Perhaps most disturbingly, the leaked correspondence between Pascal and Rudin reveals Hollywood power players’ blatant disregard for black cinema. Coming from people who develop and greenlight movies, their snarky, sarcastic name-checking of recent black films speaks to the continued ghettoization of and discomfort with these movies within the major studio system, despite the popularity and Oscar success of a project like 12 Years a Slave. In a white-dominated industry that seems to prefer its African-American-driven films to reflect archetypes of either black nobility (as in 12 Years) or black dysfunction (Precious) — or to feature black men in dresses a la Tyler Perry’s Madea movies — one wonders what Rudin, Pascal and their colleagues truly make of Top Five and Selma, prickly, provocative, layered films that resist such easy dichotomy.

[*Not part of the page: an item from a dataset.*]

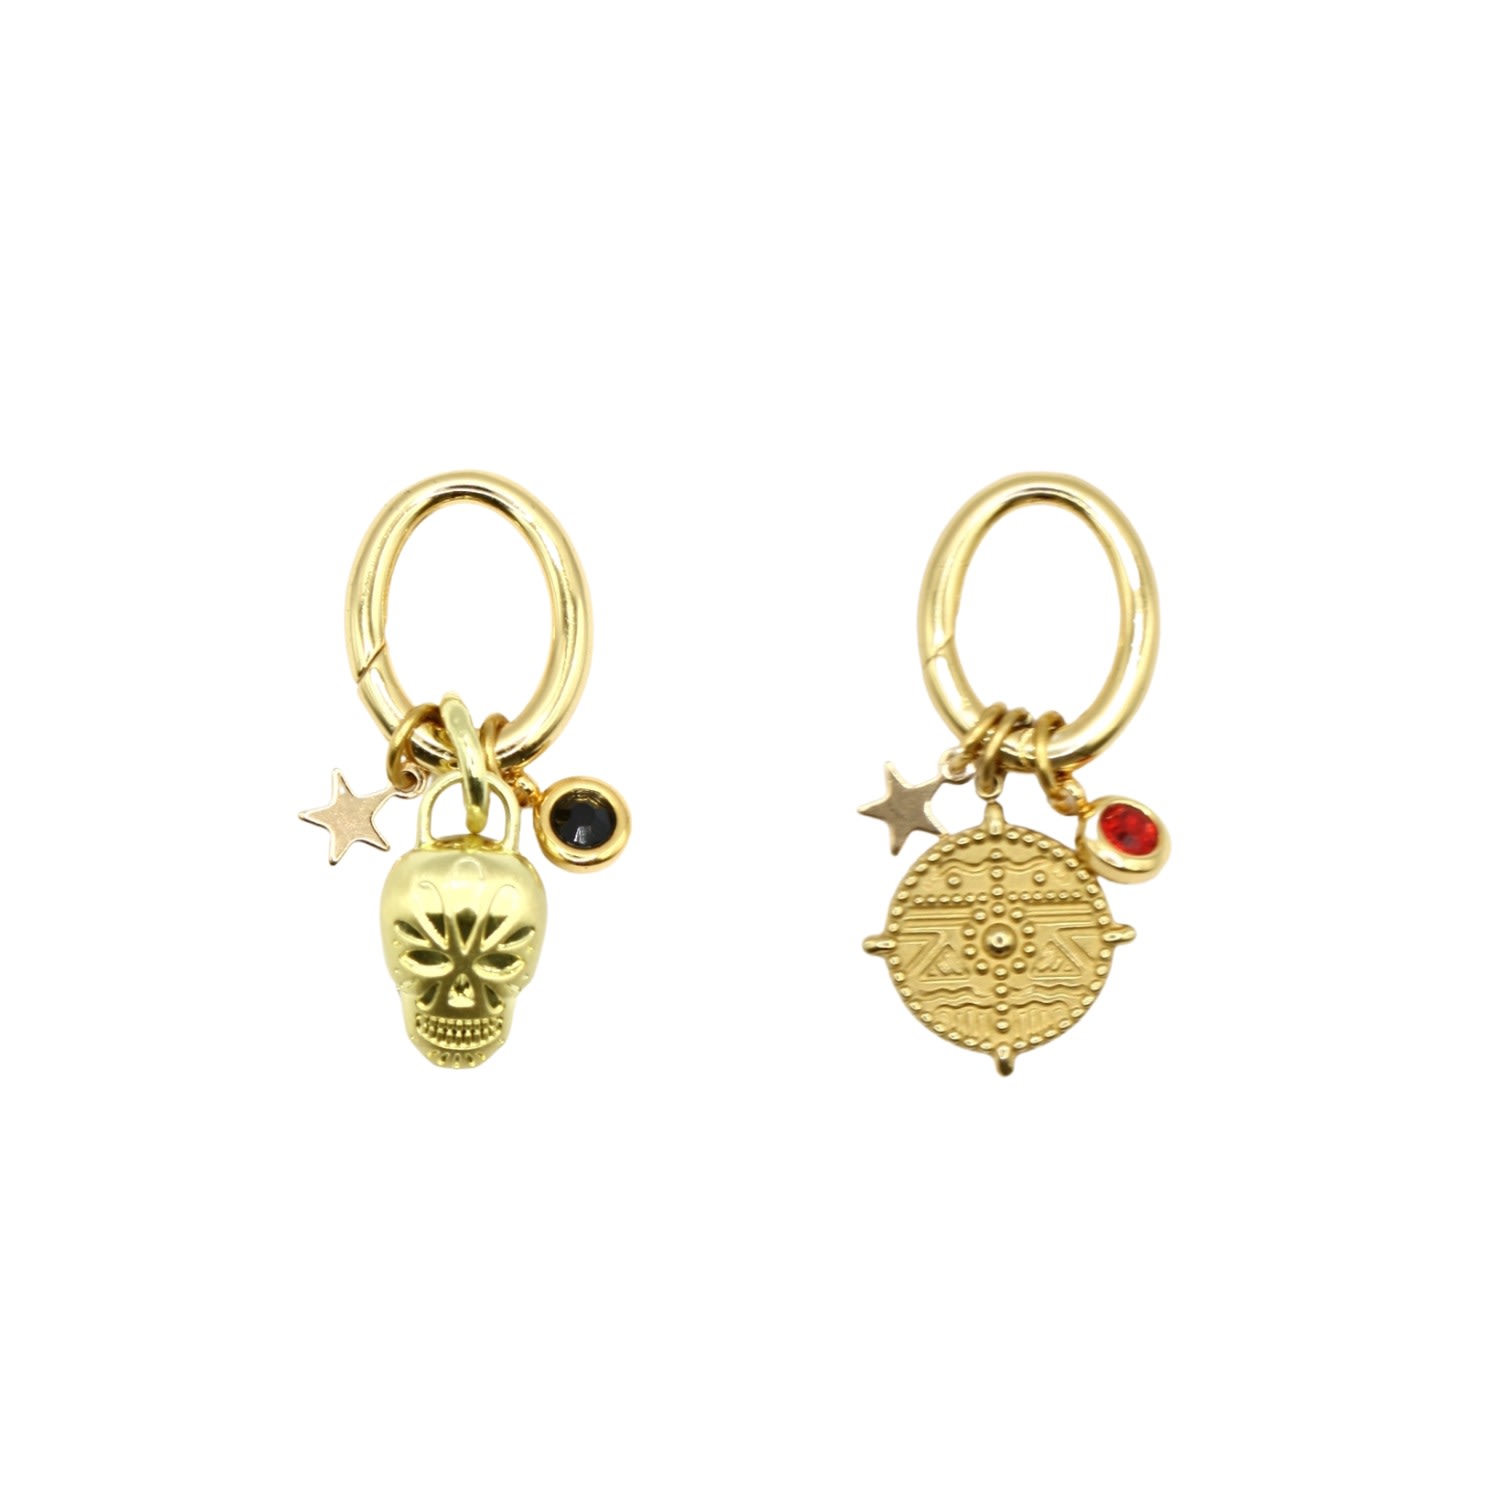 The Elsewhere Co. Accessories - Gold Handbag Charm Set - Red
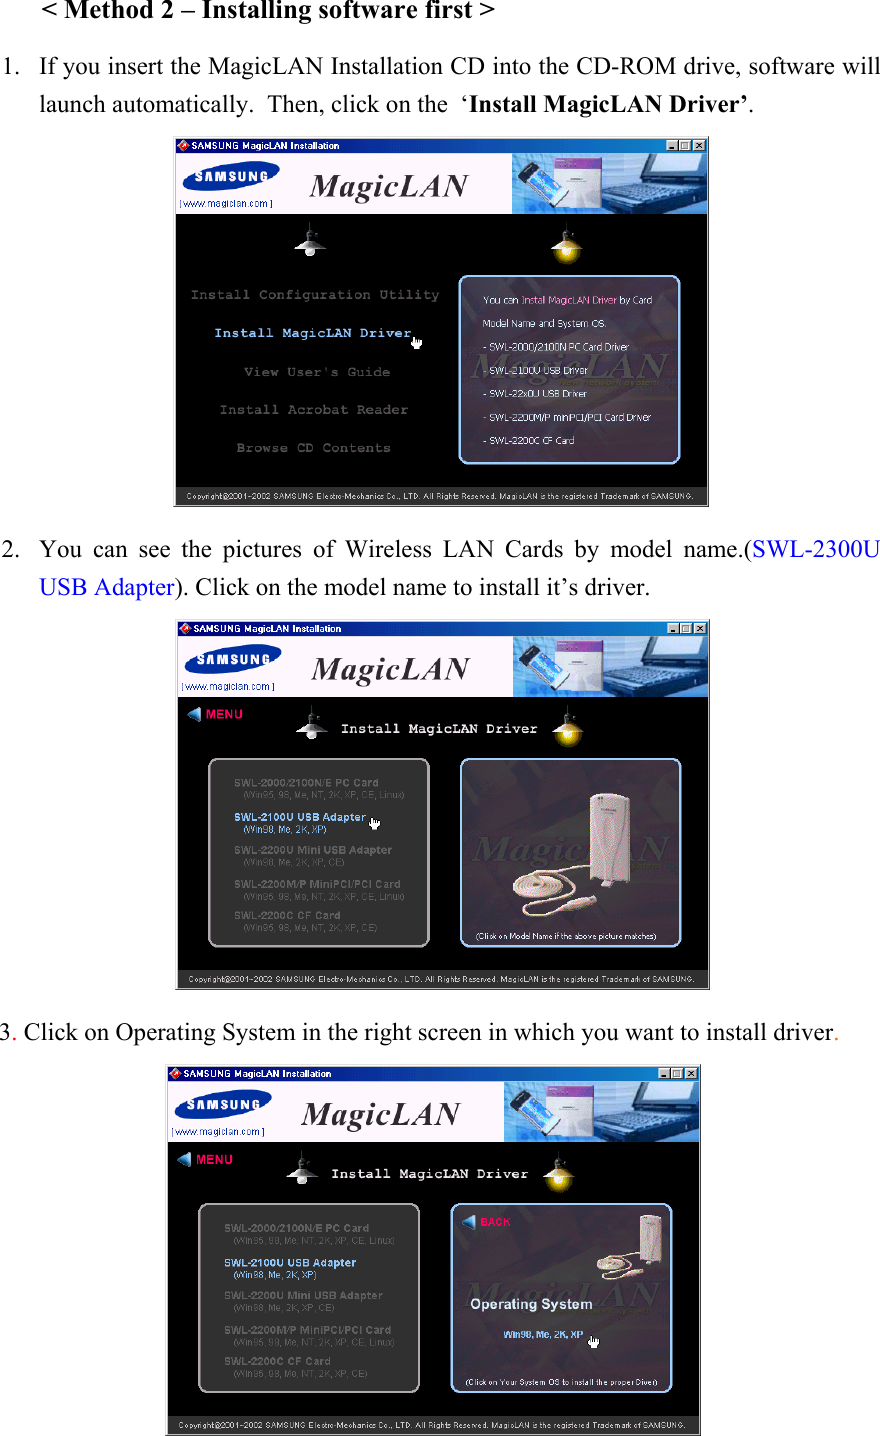  &lt; Method 2 – Installing software first &gt; 1. If you insert the MagicLAN Installation CD into the CD-ROM drive, software will launch automatically.  Then, click on the  ‘Install MagicLAN Driver’.  2. You can see the pictures of Wireless LAN Cards by model name.(SWL-2300U USB Adapter). Click on the model name to install it’s driver.          3. Click on Operating System in the right screen in which you want to install driver.

Do they find Top Five simply hilarious, or do they grasp the underlying critique of Hollywood? Do they think of Selma, for all its sharp attention to political strategy and its immersive and harrowing sequences of violence, as just another uplifting educational-social-issue drama? Will DuVernay end up being lumped in with Rock, as disparate as they are, just as Rudin and Pascal lumped Lee Daniels’ The Butler in with Think Like a Man? Given the way things are going with these leaks, we may soon find out.